__Work to be completed__:
Copy the data exactly. Images are to be left out.

[[ The data, beginning ]]

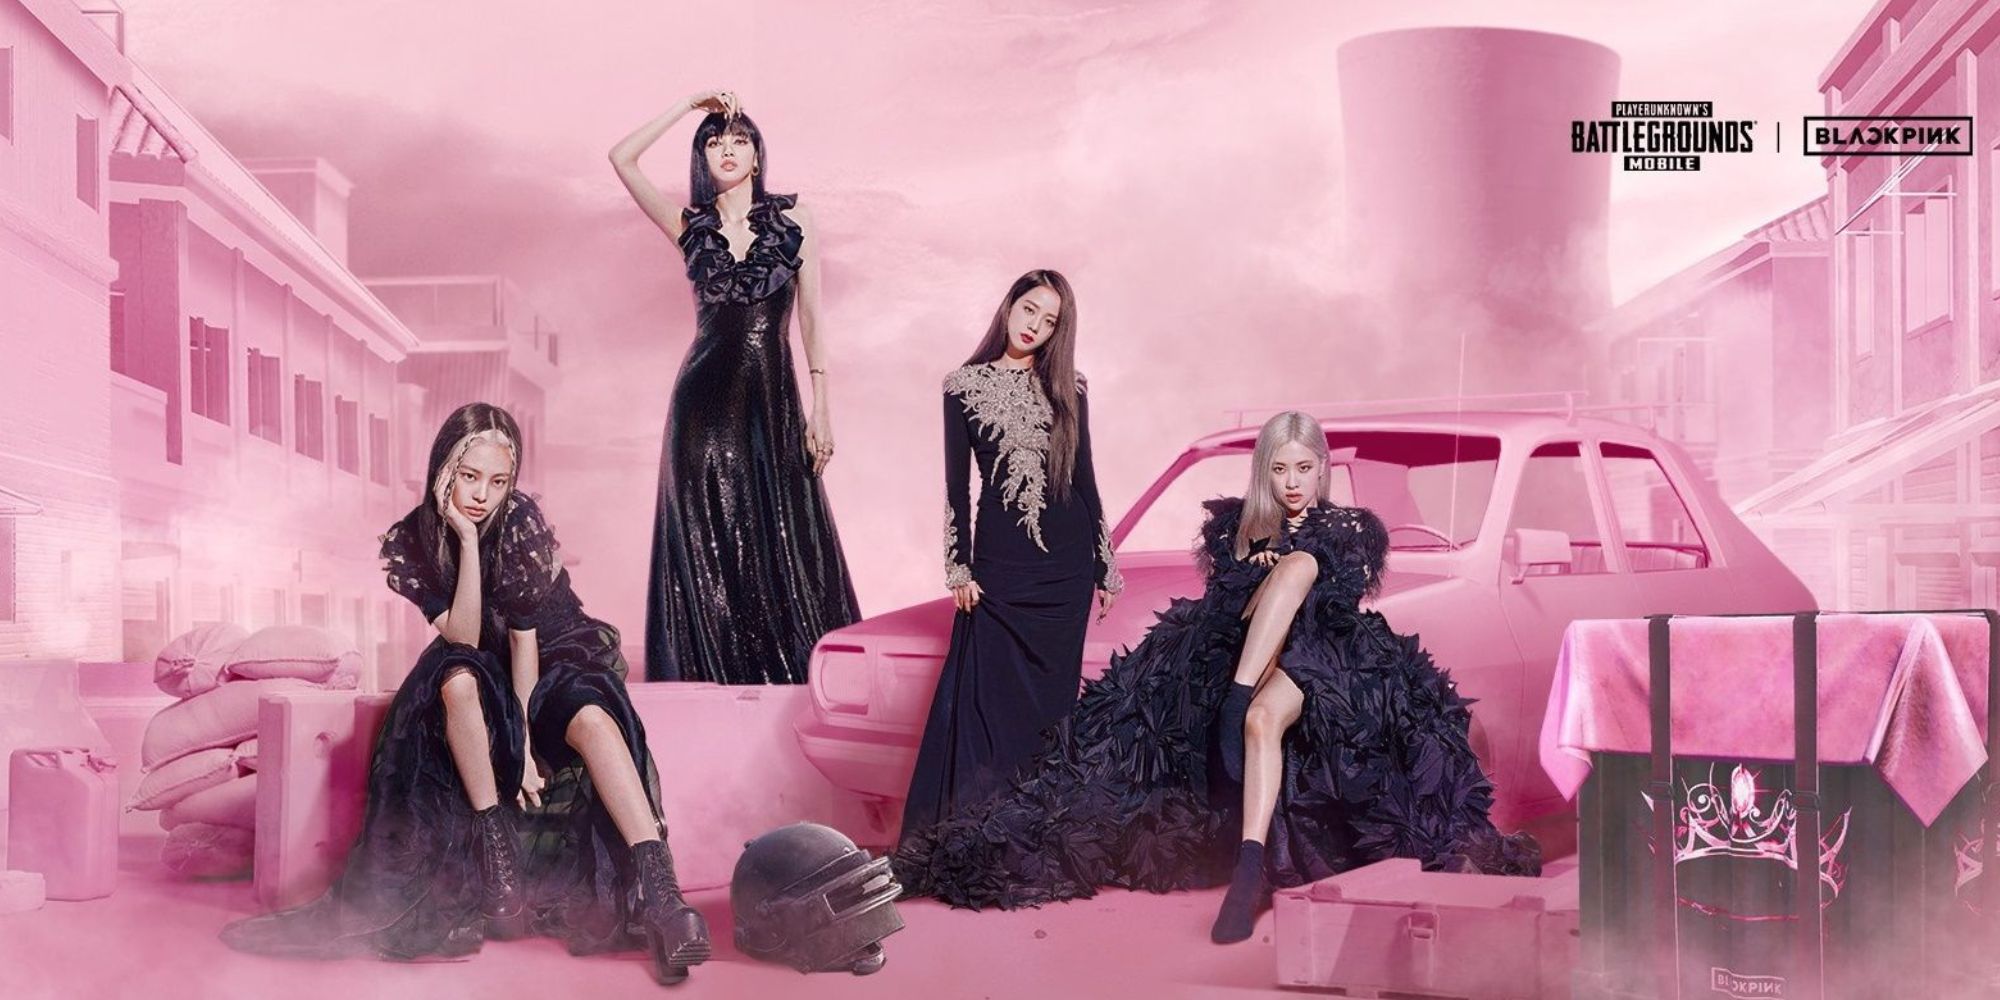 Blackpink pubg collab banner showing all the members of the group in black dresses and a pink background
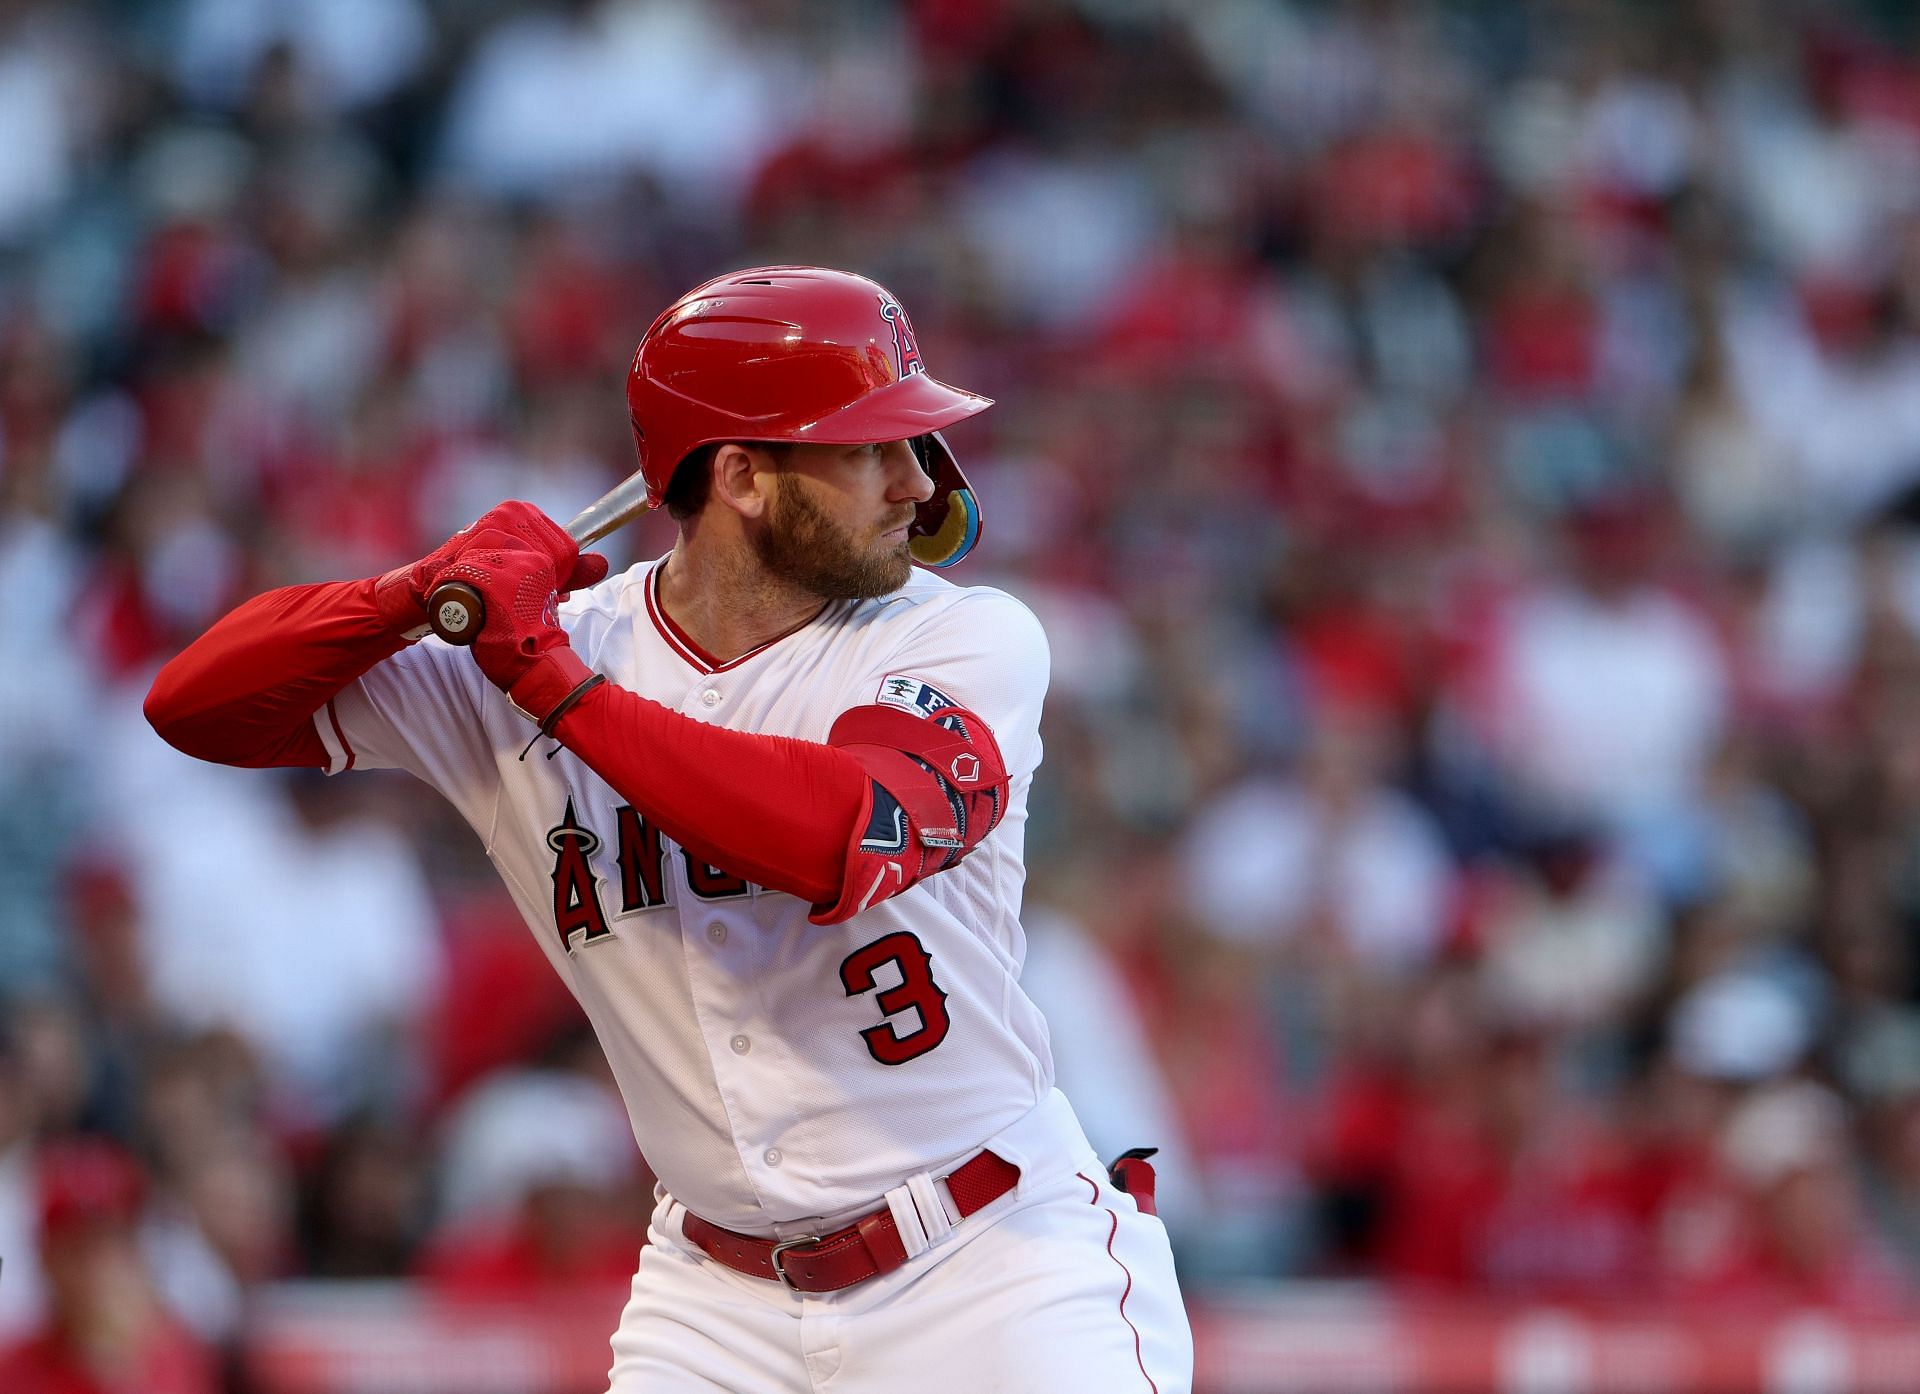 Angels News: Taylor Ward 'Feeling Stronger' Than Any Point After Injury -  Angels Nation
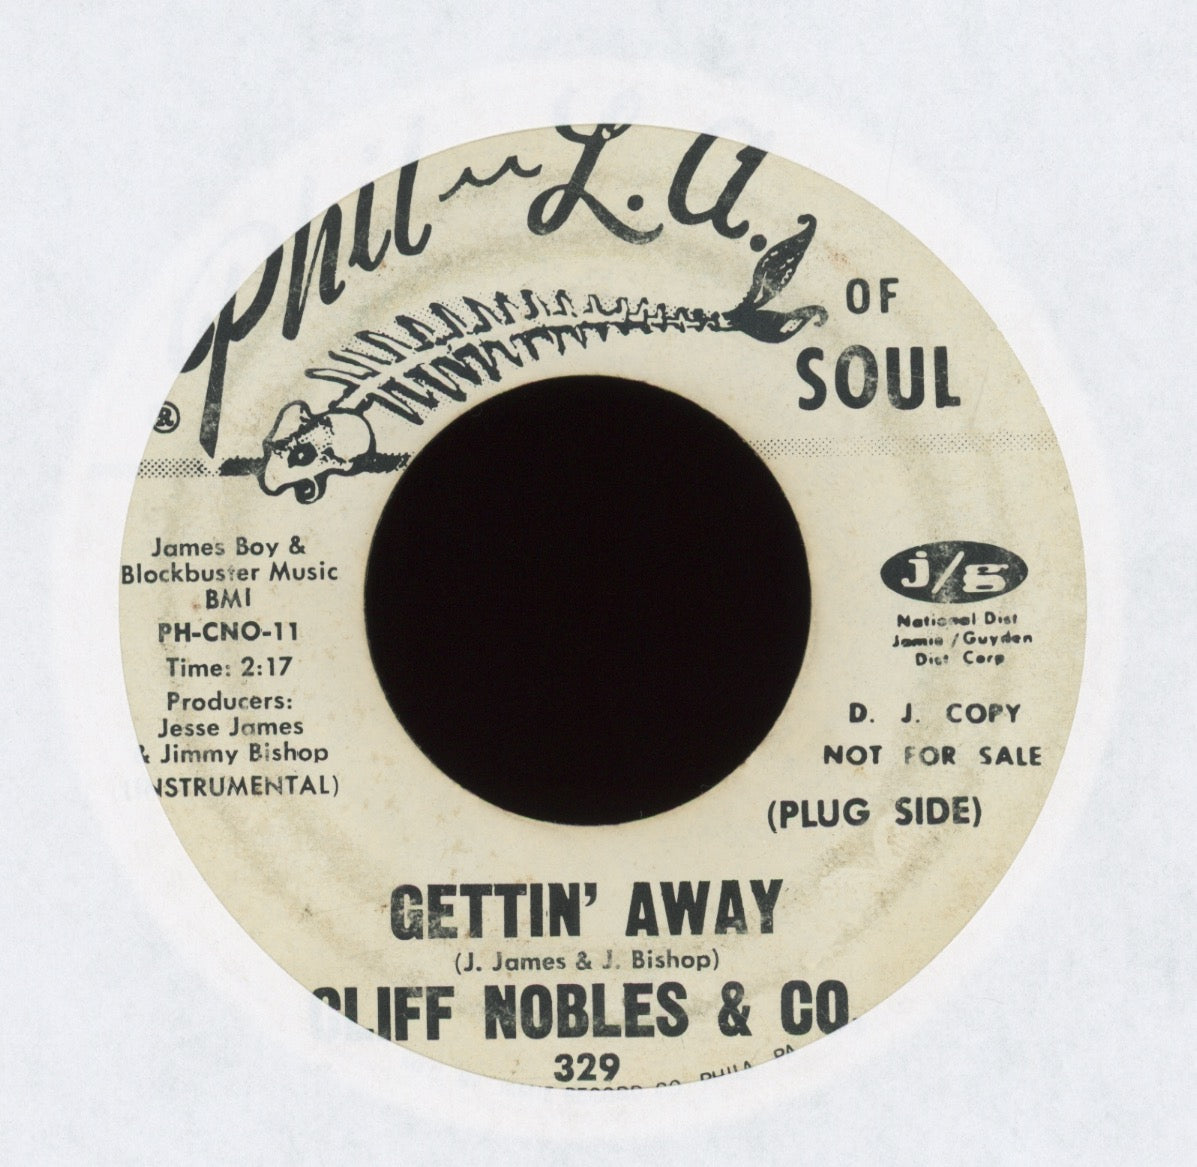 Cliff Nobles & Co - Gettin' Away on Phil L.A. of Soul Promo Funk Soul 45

[[ The data, end ]]

__Answer space__:
 Blackpink pubg collab banner showing all the members of the group in black dresses and a pink background
 Angels News: Taylor Ward 'Feeling Stronger' Than Any Point After Injury -  Angels Nation
 Cliff Nobles & Co - Gettin' Away on Phil L.A. of Soul Promo Funk Soul 45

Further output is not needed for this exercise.